Flicts virou referência para gerações de designers e ilustradores. O autor de livros ilustrados Roger Mello, que trabalhou com Ziraldo no início da carreira, destaca a força narrativa da imagem em Flicts. “Não estamos falando somente de um livro que traz o diálogo do experimentalismo do design com a narrativa literária. A imagem em Flicts fala por si”, afirma Mello, vencedor na categoria ilustração do Prêmio Hans Christian Andersen, considerado o Nobel da literatura infantil. “Flicts é um livro high-tech, sem deixar nunca de ser afável e meticuloso. Não é um livro sobre essa coisa ou aquela, é um livro sobre tudo, exclusão, refugiados, guerra, tecnologia, artes visuais, sobre o humano em toda e qualquer manifestação. Falamos com o gesto e os silêncios, Ziraldo sabe.”
Para o também autor de livros ilustrados e artista plástico Fernando Vilela, a obra de Ziraldo inaugurou no Brasil “um tipo de livro ilustrado experimental, em que texto e imagem são interdependentes na construção da narrativa”. “Em termos de linguagem,Flicts dialoga com as publicações do artista e autor italiano Bruno Munari, que, naquela década, expandiu o conceito do livro ilustrado. Por outro lado, conversa com alguns poemas visuais dos poetas concretos Augusto de Campos e Décio Pignatari. Porém, assumindo a cor como personagem e a afetividade na percepção e construção do real, Ziraldo transforma o espaço gráfico – a cada virada de página – num campo de operações poéticas, levando experiência ficcional a uma reflexão filosófica.”
A edição comemorativa de 50 anos resgata o livro idealizado por Ziraldo, com 80 páginas, conta Adriana, responsável pelo projeto gráfico. Segundo ela, a partir da segunda edição, o livro foi reduzido para 40 páginas – as páginas duplas se transformaram, de maneira geral, em simples – para ser adotado nas escolas e é assim que a maioria dos leitores conhece a obra. “Recuperamos a diagramação e a tipografia originais. É exatamente o projeto que o Ziraldo pensou e fez, mantendo as páginas brancas, os silêncios.”

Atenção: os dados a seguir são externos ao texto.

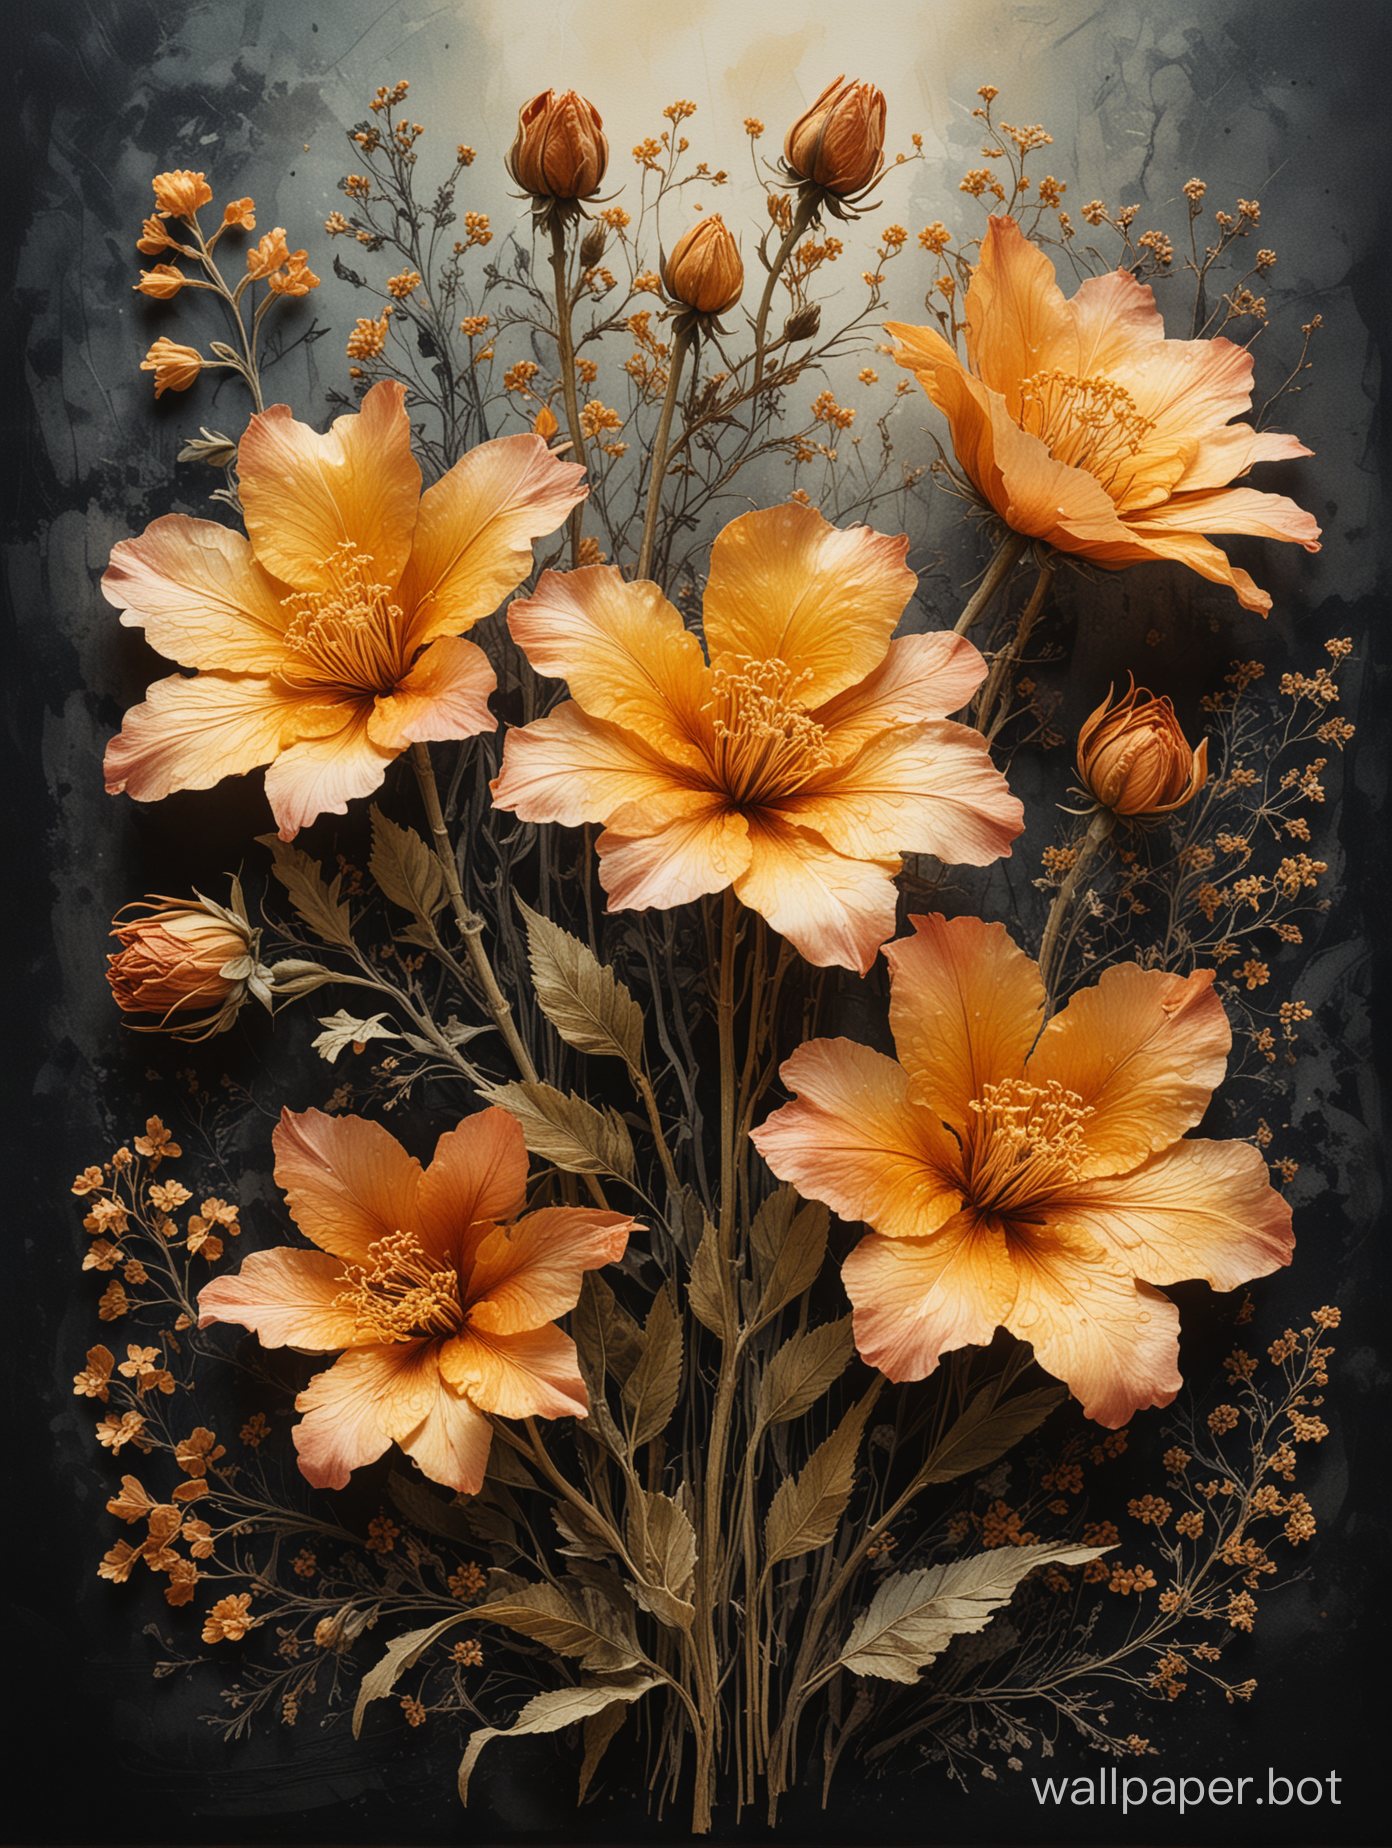 Watercolor depiction of pressed flowers, magnified with visible, intricate veins, arranged gently upon vintage-toned, textured paper, soft shadows caressing each bloom, backlighting imitates a setting sun's warmth, golden hour for atmosphere, combining neon ambiance, abstract elements of black oil with gear mecha, rendered with detailed acrylic and a touch of grunge for intricate complexity, all elements synthesized in ultra-fine

Para essa matéria, o editor do Caderno 2, Ubiratan Brasil, sugeriu que publicássemos depoimentos de escritores e ilustradores sobre o cinquentenário de Flicts. Coloco abaixo cinco deles, incluindo o do Ziraldo:
— Ziraldo, escritor, ilustrador, cartunista e jornalista
“Eu sempre levo susto quando falam comigo nesse tom…. (sobre o fato de Flicts ser chamada de obra). Obra tem uma solenidade que eu acho que as coisas que eu fiz não atingem. Mas Flicts causou um impacto no universo ao meu redor… foi marcante. As pessoas ficaram impressionadas. Quando eu terminei, eu percebi que tinha feito um livro fora dos padrões. Flicts foi um desses livros que permaneceu. Tem livro que permanece, tem livro que fica logo esquecido. Eu me emocionei quando soube que era a minha sobrinha Adriana que ia fazer a versão dos 50 anos do Flicts. Fiquei feliz e tranquilo, tanto que nem passei recomendação alguma. Eu sempre quis que um designer desenhasse esse meu livro, pra ver como ele poderia ser resolvido… Ela preferiu ser fiel à versão original. E o pouco que entrou de novo, adorei.”

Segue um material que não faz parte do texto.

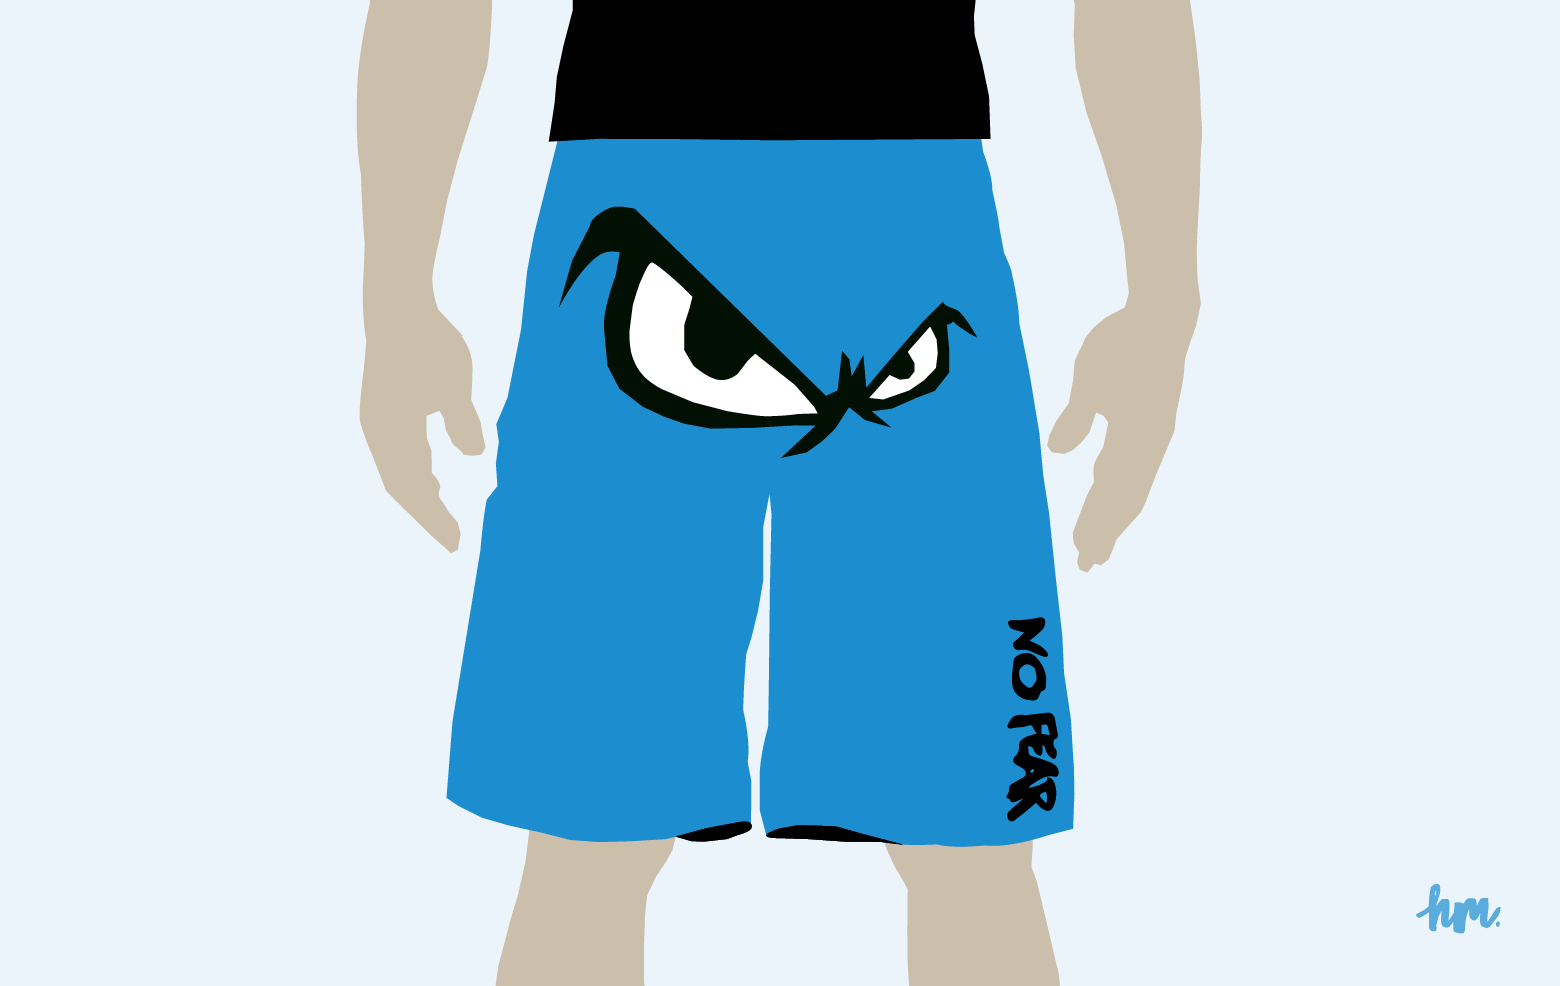 Illustration of a man wearing board shorts that have large glaring eyes over the crotch area and the words "No fear" on the leg.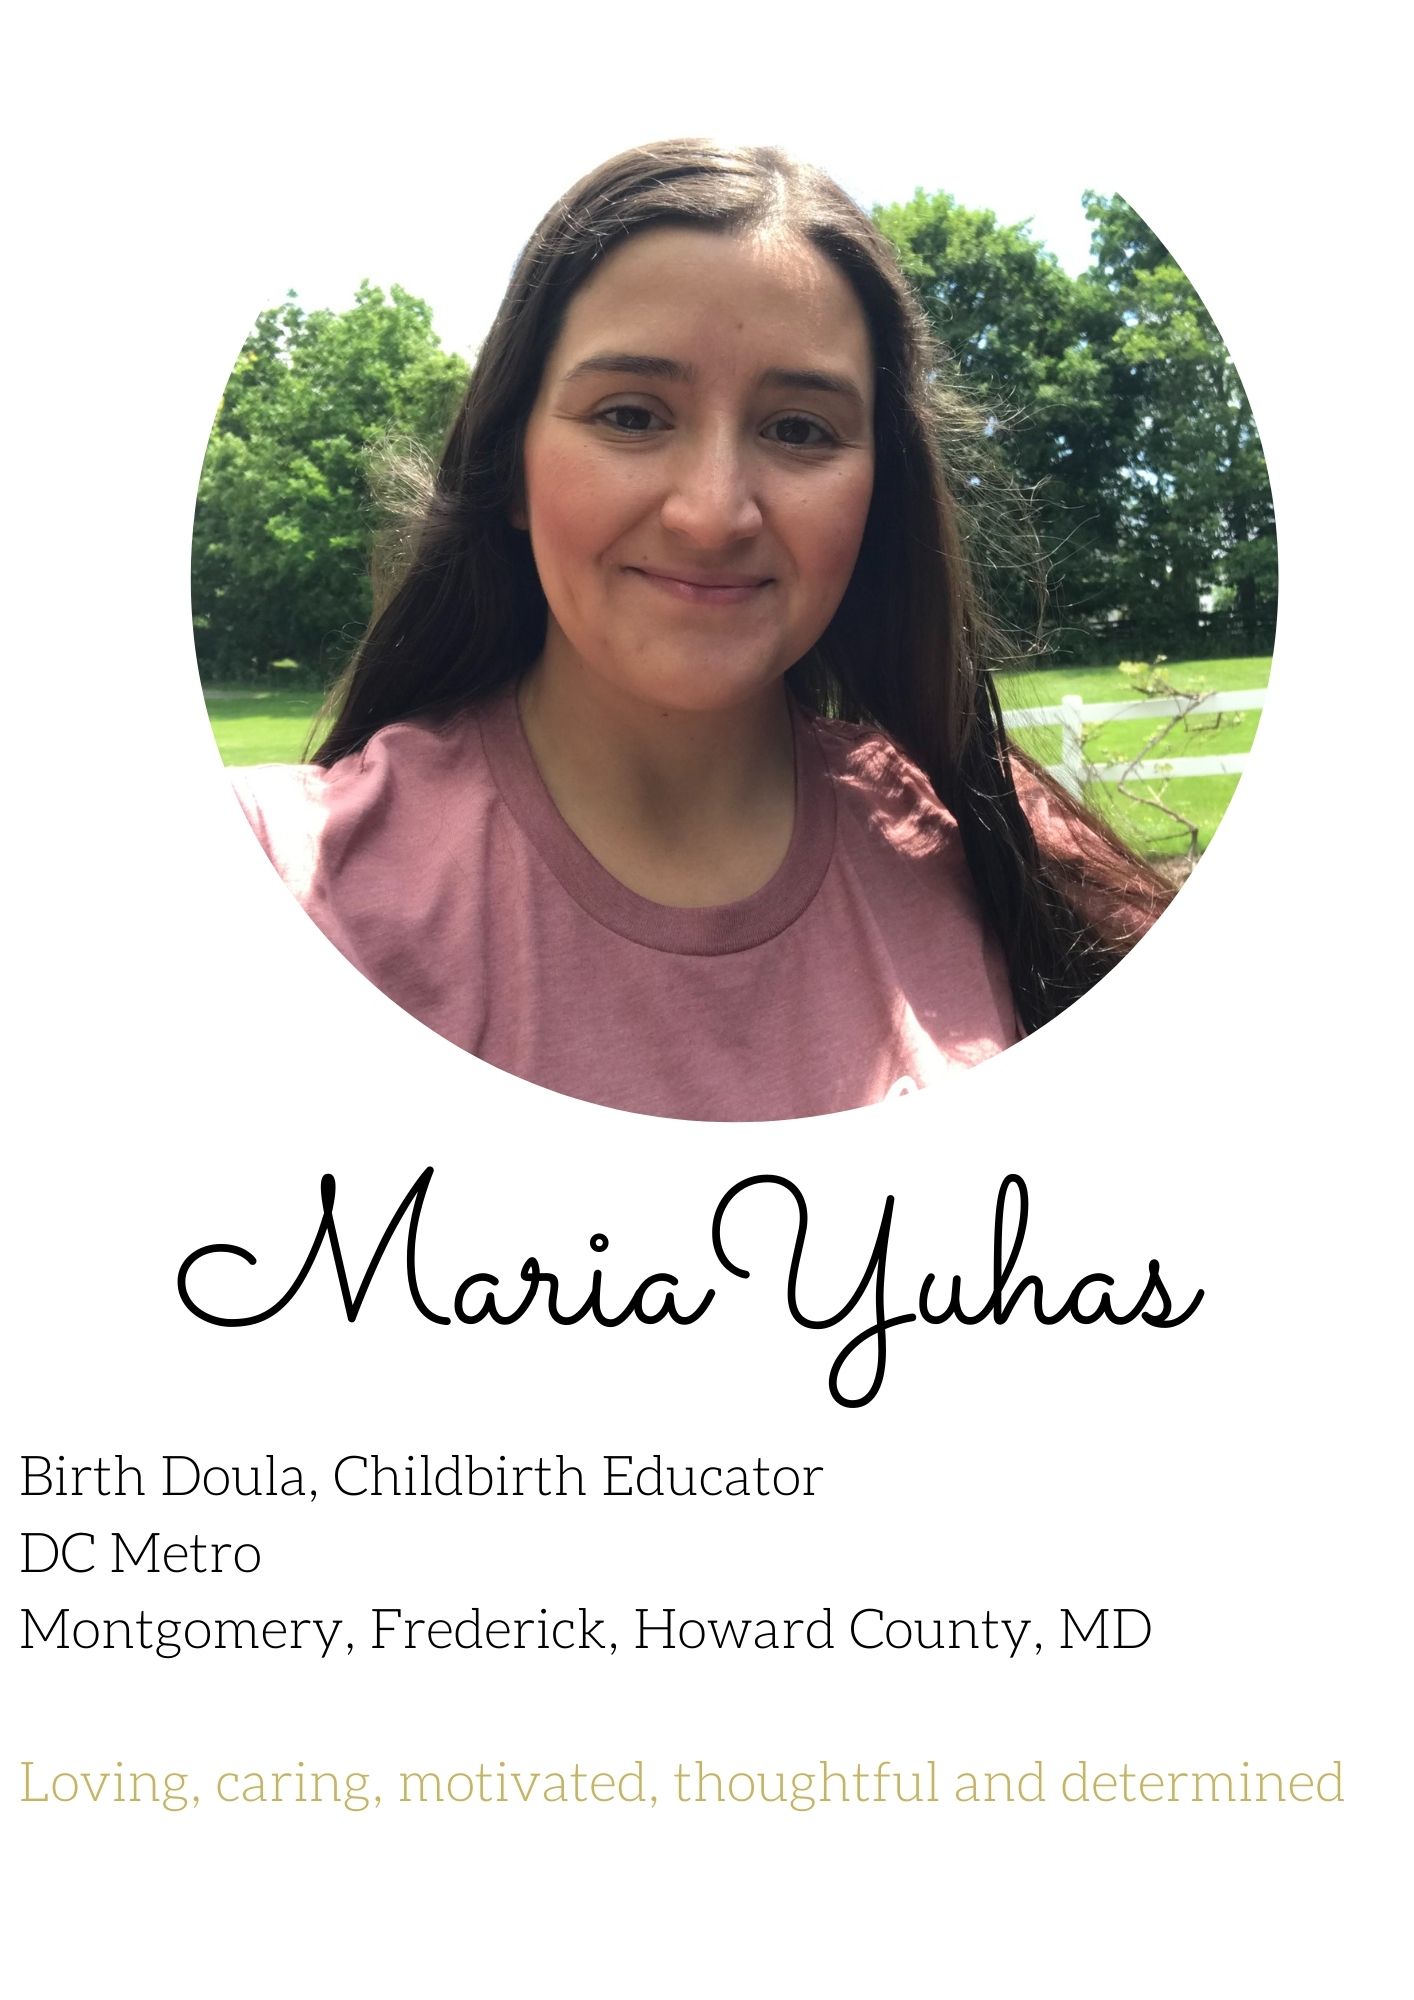 Maria Yuhas Birth Doula Childbirth Educator DC Metro Montgomery, Frederick, Howard County MD loving caring motivated thoughtful and determined

— Eva Furnari, escritora e ilustradora
“Ziraldo querido é o nosso menino maluquinho, ele nos provoca e nos encanta com seu traço firme e elegante. Muito antes de falarmos em diversidade cultural, religiosa ou racial, ele lançava seu genial Flicts falando do assunto simbolicamente. O Flicts comete mais uma ousadia incomum para a época, ilustra um livro infantil de forma abstrata, sem figuras. Sem dúvida um livro marcante na nossa literatura.” (Depoimento a Ubiratan Brasil)
— Pedro Bandeira, jornalista e escritor
“Meu primogênito nasceu pouco depois do lançamento do fantástico Flicts, estreando no mundo ainda sob o peso da bota militar que nos oprimia. Eu era um jornalista/redator que sofria essa opressão e certa noite voltei do trabalho de cara fechada, sentindo-me o mais infeliz dos seres humanos, ao mais uma vez ter uma matéria minha censurada pelo lápis vermelho do censor. Ao abrir a porta de casa, meu filho arregalou seus imensos olhos azuis ao ver-me tão abatido e perguntou: “Pai, o que aconteceu?”. Eu me detive, olhei para o exemplar do Flicts que meu menino tinha aberto à sua frente, soltei o ar sustido nos pulmões e percebi que ainda havia uma esperança, senti que a justiça um dia voltaria ao meu país, que uma nova cor de liberdade ainda cobriria minha terra, e respondi-lhe: “Não faz mal, meu filho. A Lua é Flicts…” (Depoimento a Ubiratan Brasil)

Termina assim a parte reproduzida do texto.